Lanius stood alone atop a pile of corpses from both sides, spinning with his blade defensively in front of him. From the wall of shields emerged the trooper from the previous skirmish, only slightly limping from the encounter. He brandished a new shield, the remaining smoldering flames shining off his silver sword.

"Marius…" Lanius sneered, "you carry yourself still ready for battle. You are not the coward I thought you to be."

"Your lines are broken, Lanius," Marius retorted ensured in his victory as the remains of the Legion's army flooded back through the hole in the wall. "You will not taste victory this night, but it is not too late to leave with your life."

"Many graves in the East are filled with words such as yours," Lanius clenched his jaw. "If it is Caesar's will this gate to the West bear the flag of the Legion, Caesar's will shall be done, if I must hoist the flag myself atop the corpses of all of your men."

"You need not do this, I am giving you a chance to retreat."

Lanius shook his head, gripping his massive blade even tighter.

"A true Legionary does not retreat. Your body will hang nailed to the walls of your mighty city facing west, so you may watch your world die." Lanius swung his blade, answered by Marius' deft roll. The Roman's blade slashed at the Legate's leg, glancing off with sparks briefly illuminating the two combatants in the heat of battle.

The battle raged on, each soldier trading blows to no great effect. The light from remaining torches began to die out, but the surrounding legionaries took up their own lights to cast an orange glow on the circular battlefield.

The blade rose once again, helicoptering through the air. Marius ducked just in time, the sharpened edge trimming off the top inch of his red-haired plume. As the blade passed over his head Marius thrust his sword through the abdominal portion of his opponent's armor.
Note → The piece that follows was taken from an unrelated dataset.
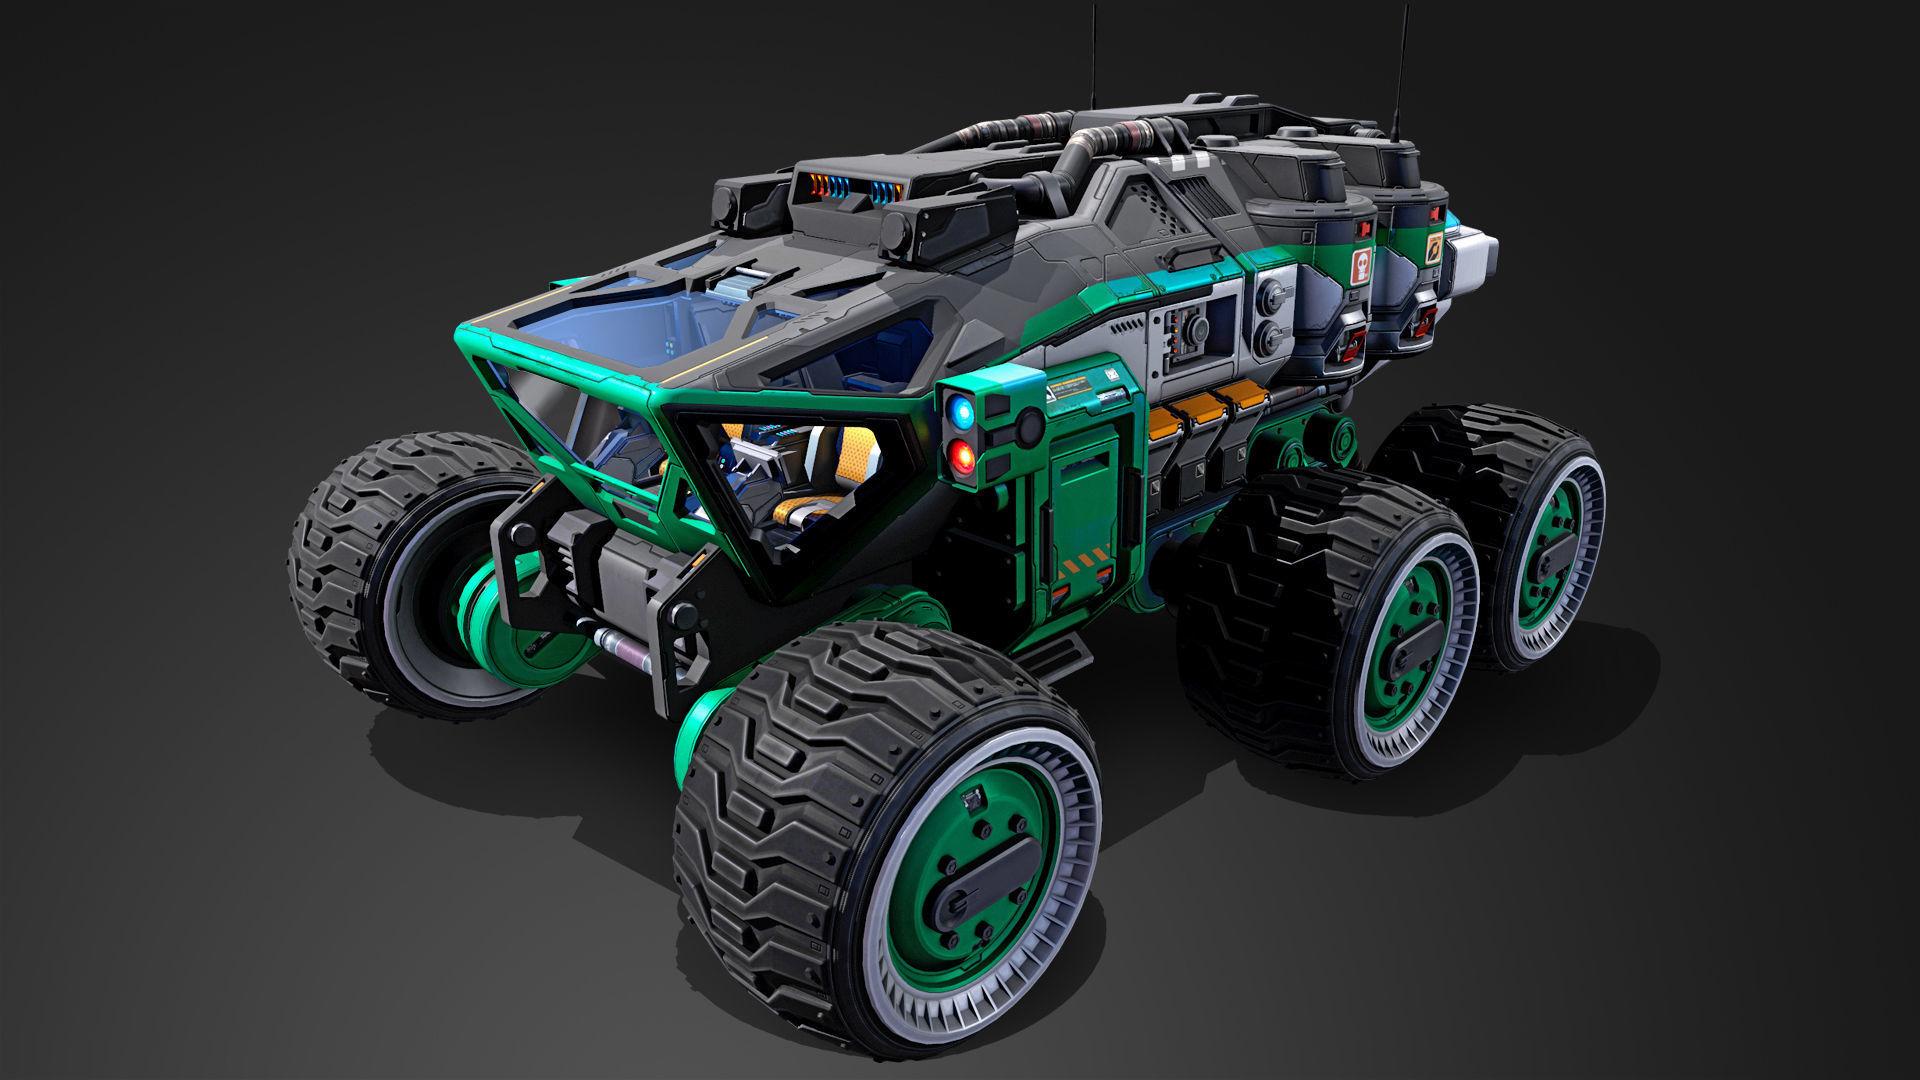 Mars Rover vehicle

Lanius' golden armor screeched as the sword penetrated, blood flowing freely from the deep wound, but the Legate himself did not flinch. He freed one of his hands from his sword, reaching out and grabbing Marius by the neck. He reeled back his own head, headbutting the centurion to the ground. Marius staggered to his knee, his helmet flying from his head, blood flowing from a fresh gash in his brow.

"Take pride that you are a great warrior," Lanius coughed, towering above the downed soldier once more. "You face an honorable death this night."

Marius wordlessly stared fiercely up at the masked man, peering into the black abyssal eye holes of the visage of Mars. Lanius raised his sword once more, ready to swing down to split the Roman in half, a few surrounding legionaries letting out a breath of fear.

Marius' muscles tensed as he shot upward, throwing his blade through the base of the Legate's exposed neck, exploding out the top of his helm. Lanius' hands loosened on his blade, his sword slipping through his fingers and clashing to the ground.

The Roman commander let go of his blade as well, Lanius falling backwards pulling the blade with his braindead corpse. The street was silent spare the crackling of the torches and Marius' heavy breathing.

"Marius! Savior of Rome!" a cry sounded through the crowd. The soldiers erupted into cheer as they raised their swords into the air, surrounding their commander.

"Rome will not fall as long as I breath," Marius choked out, the wounds of his battle finally taking their hold. He pointed downwards to his fallen enemy, blood pooling around the well-armored corpse. "Display his body in the highest place you can find. When they come again they will see him as a warning and run, Rome will rise again in this unknown land."

Marius fell back to the ground in rest, eyes focused upwards as the moon shone brightly upon another night in Rome.